# Directions
Drop the images, then output the listing exactly.

# Data provided
================================
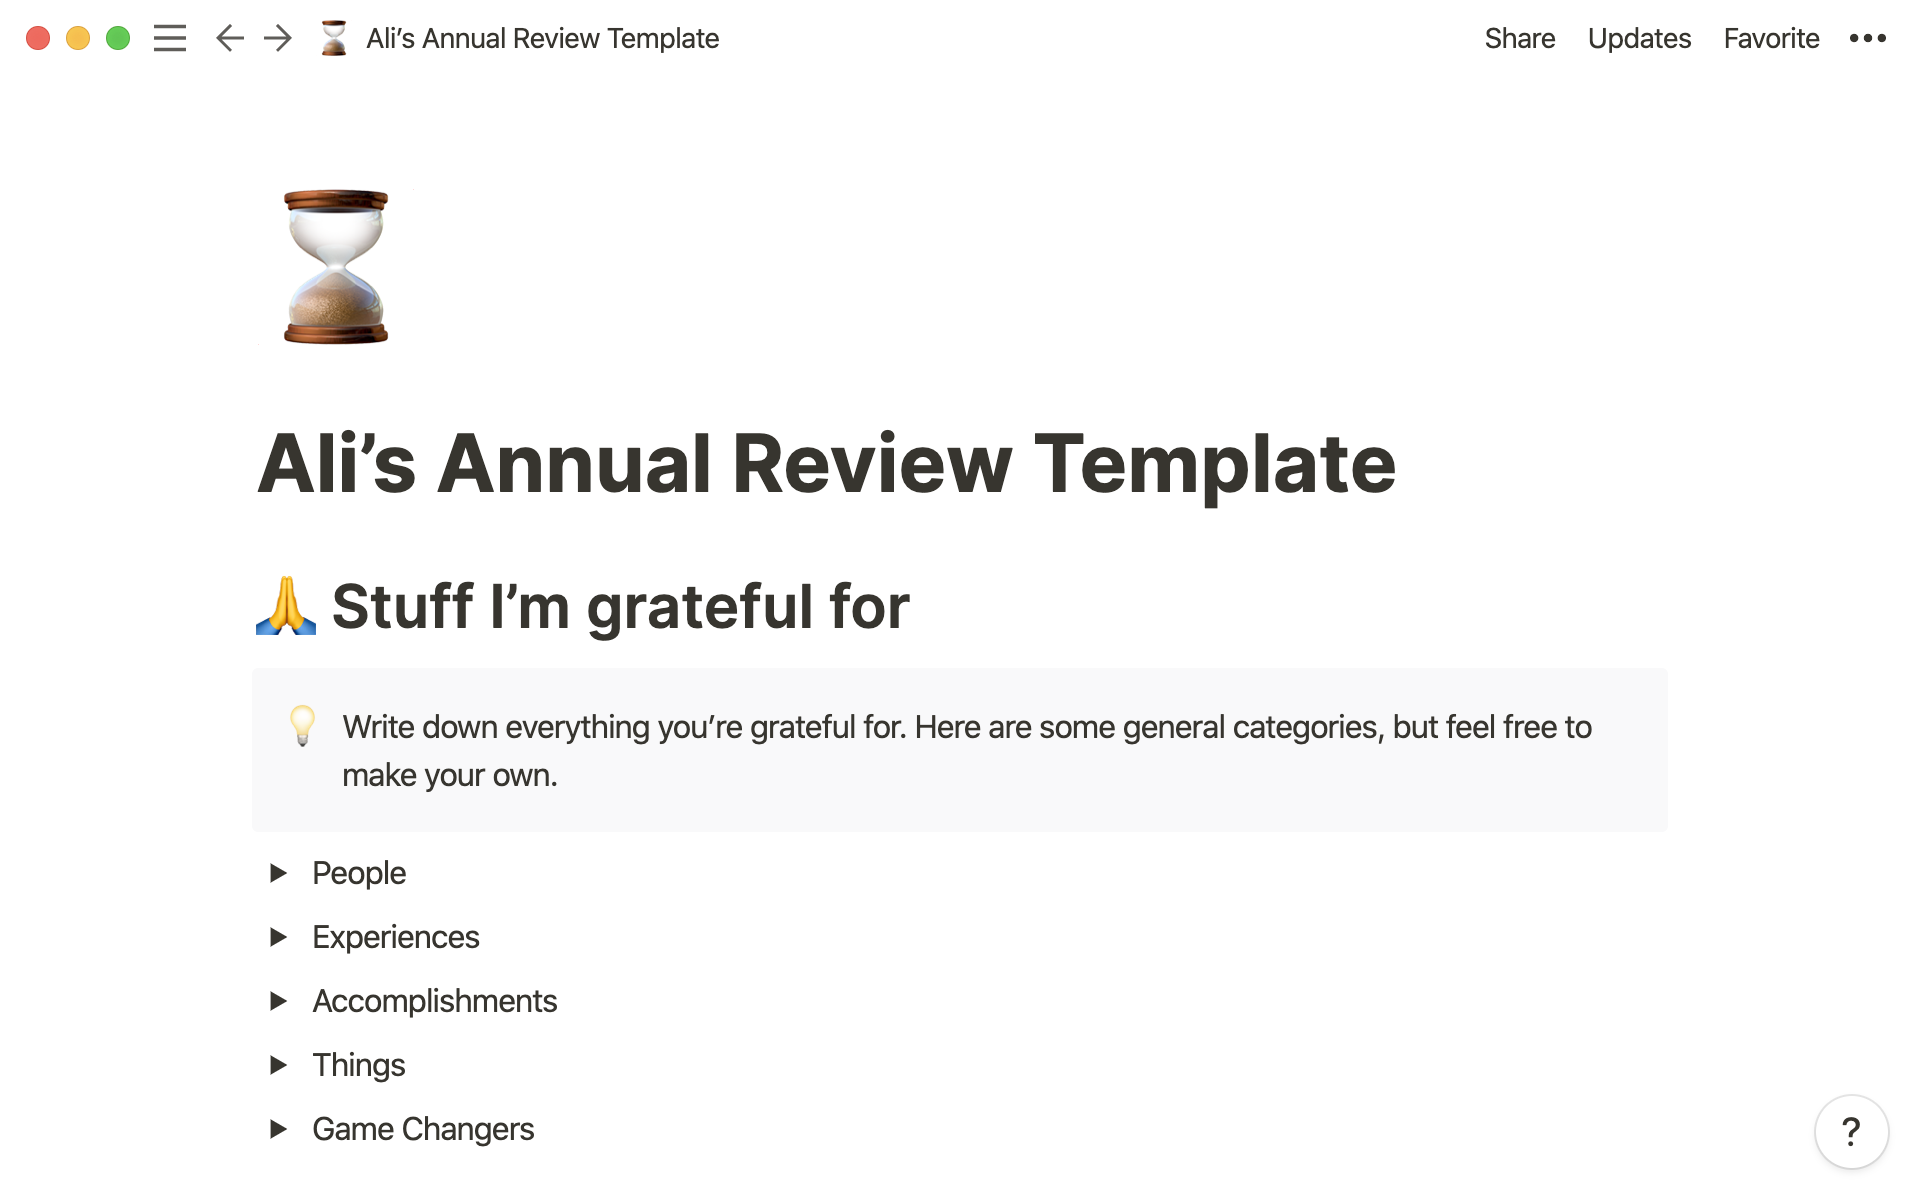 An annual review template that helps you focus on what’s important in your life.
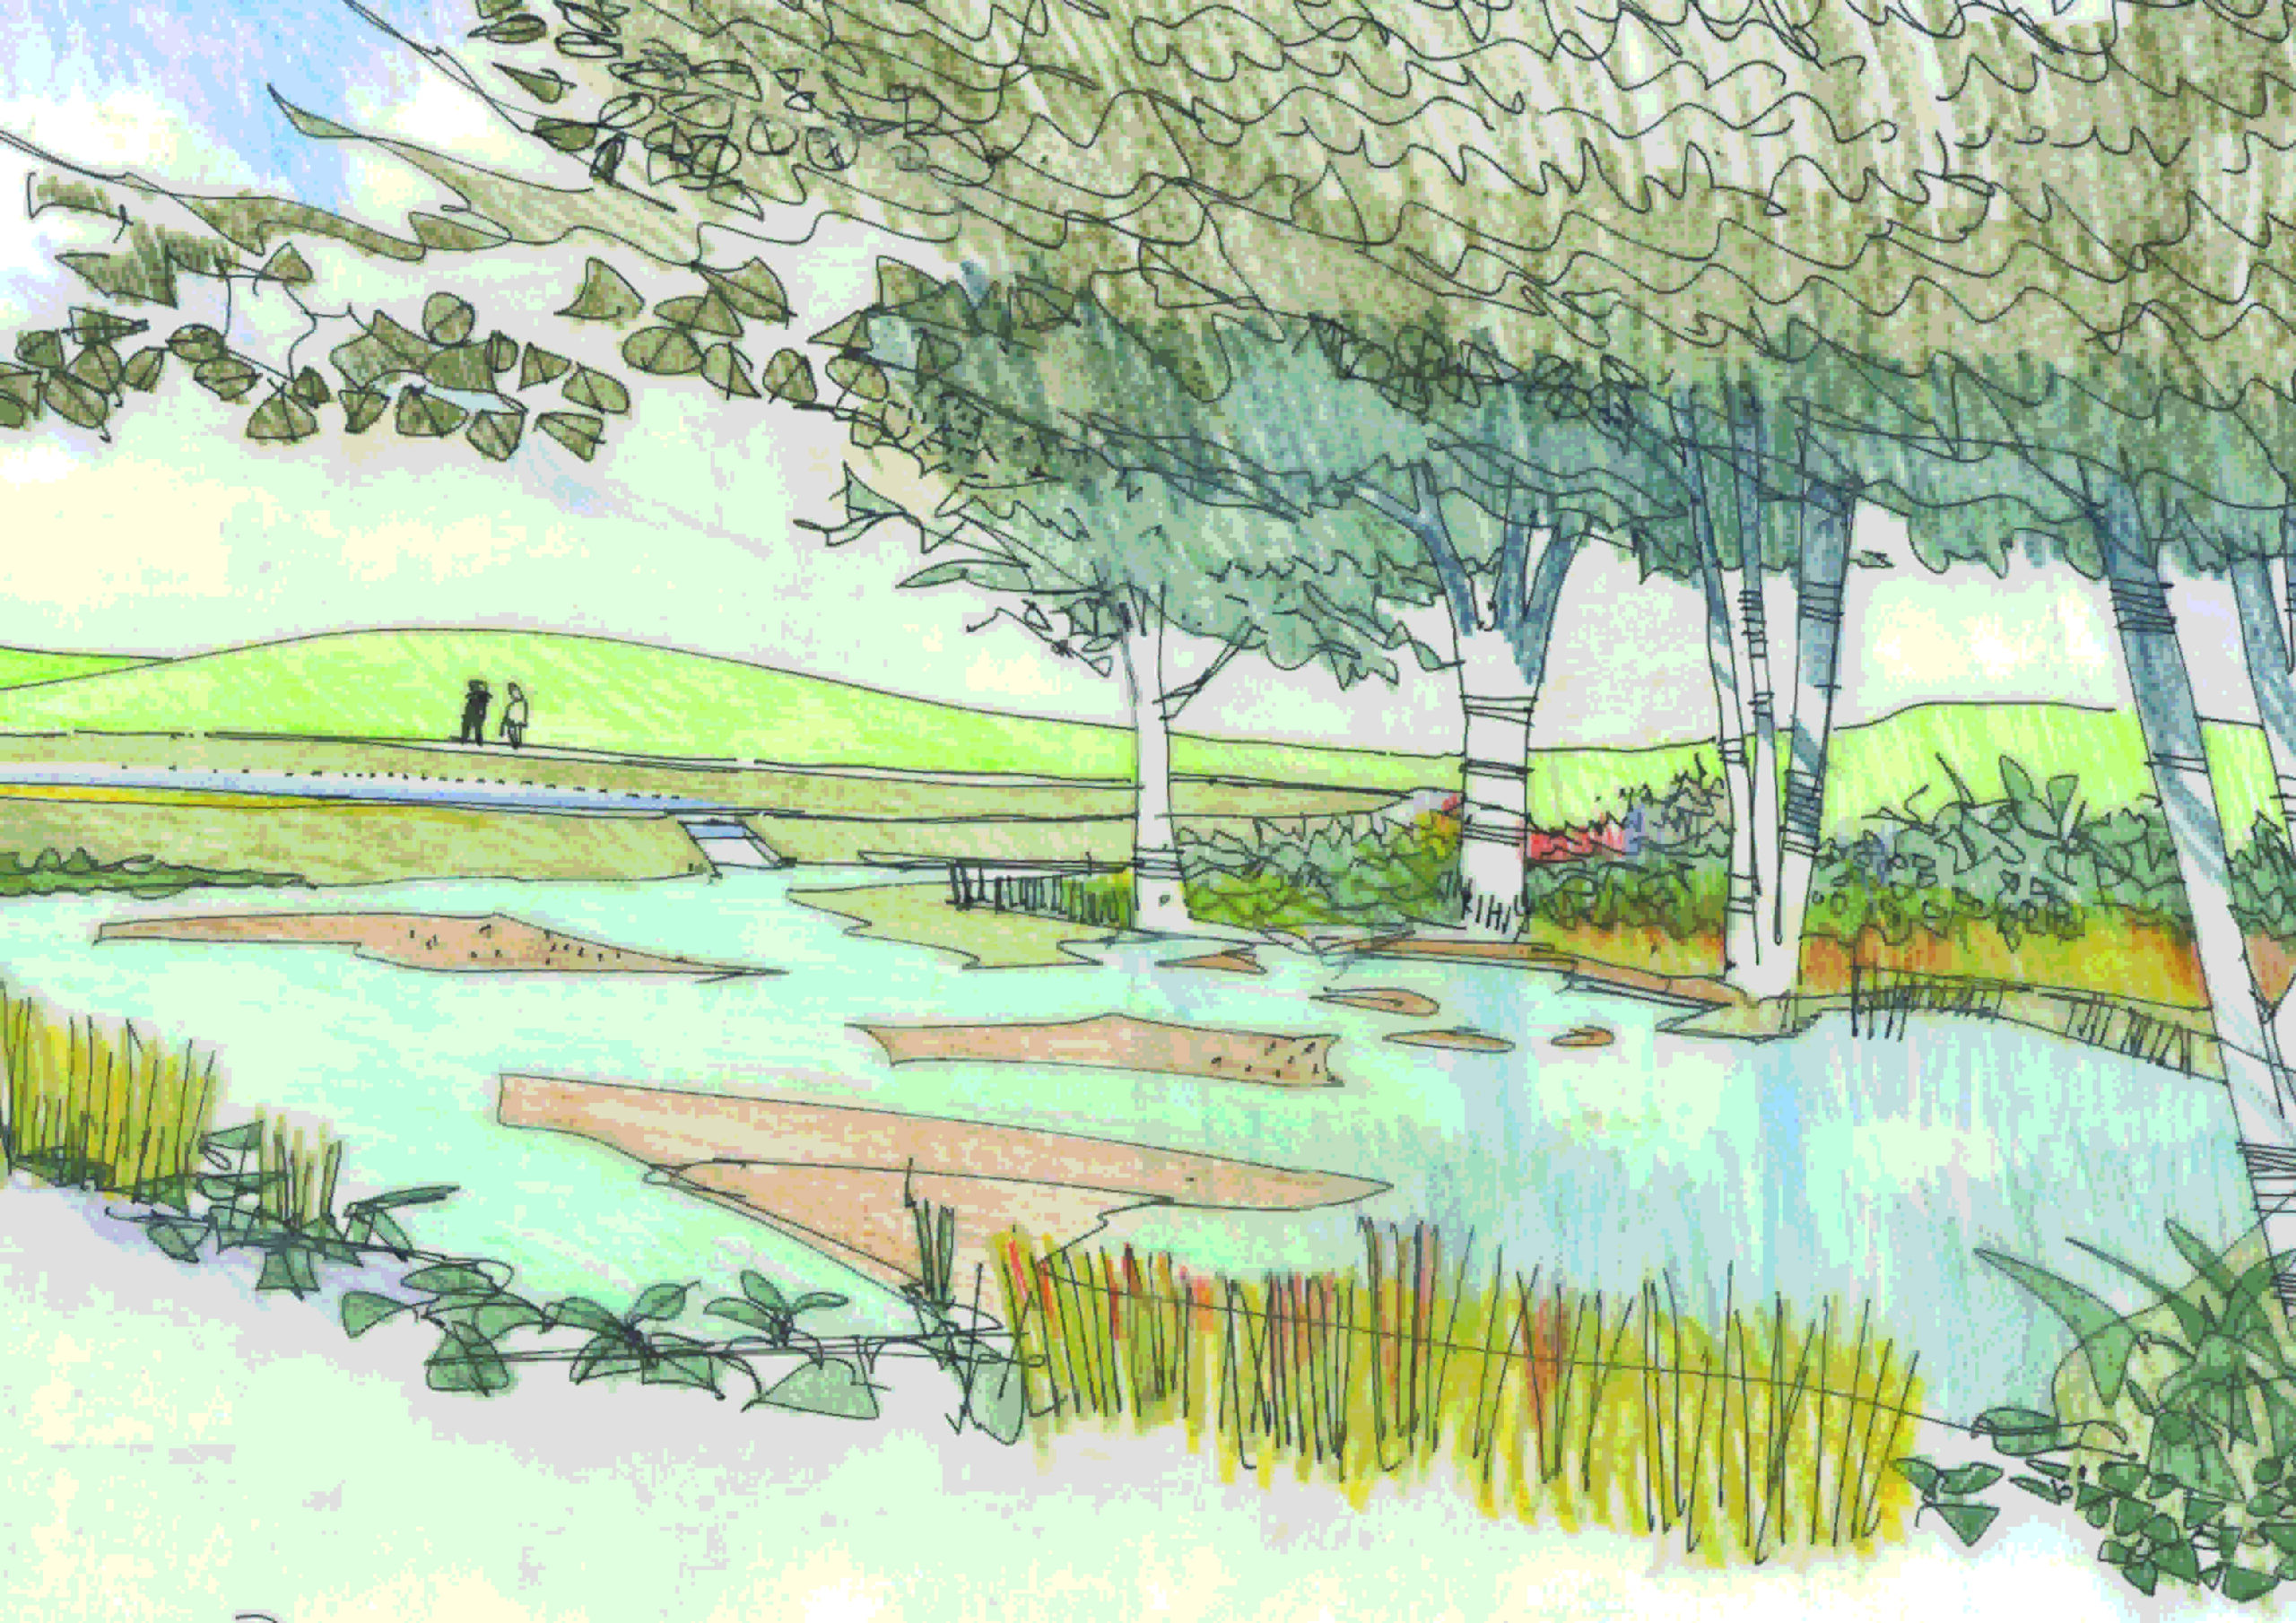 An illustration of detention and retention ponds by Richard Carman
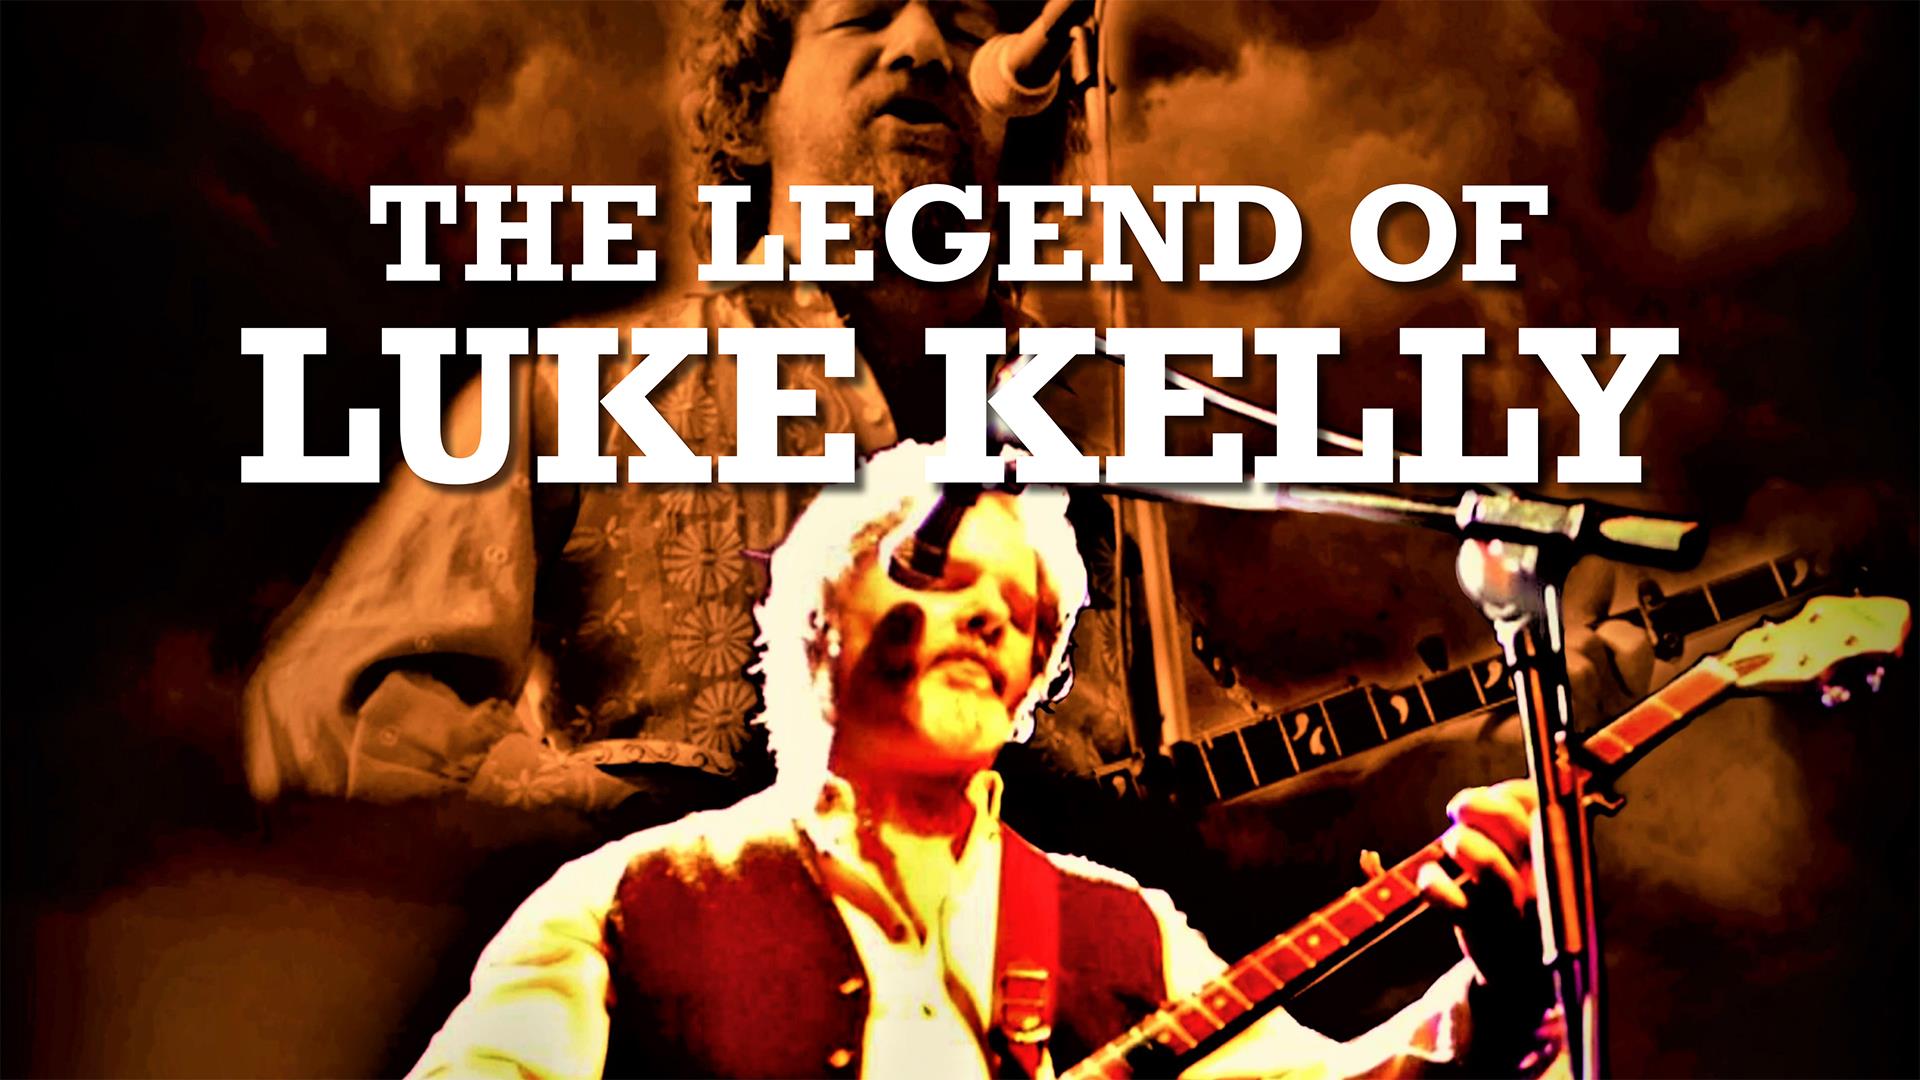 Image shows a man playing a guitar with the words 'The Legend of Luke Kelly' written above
================================
# Answer to this task
 An annual review template that helps you focus on what’s important in your life.
 An illustration of detention and retention ponds by Richard Carman
 Image shows a man playing a guitar with the words 'The Legend of Luke Kelly' written above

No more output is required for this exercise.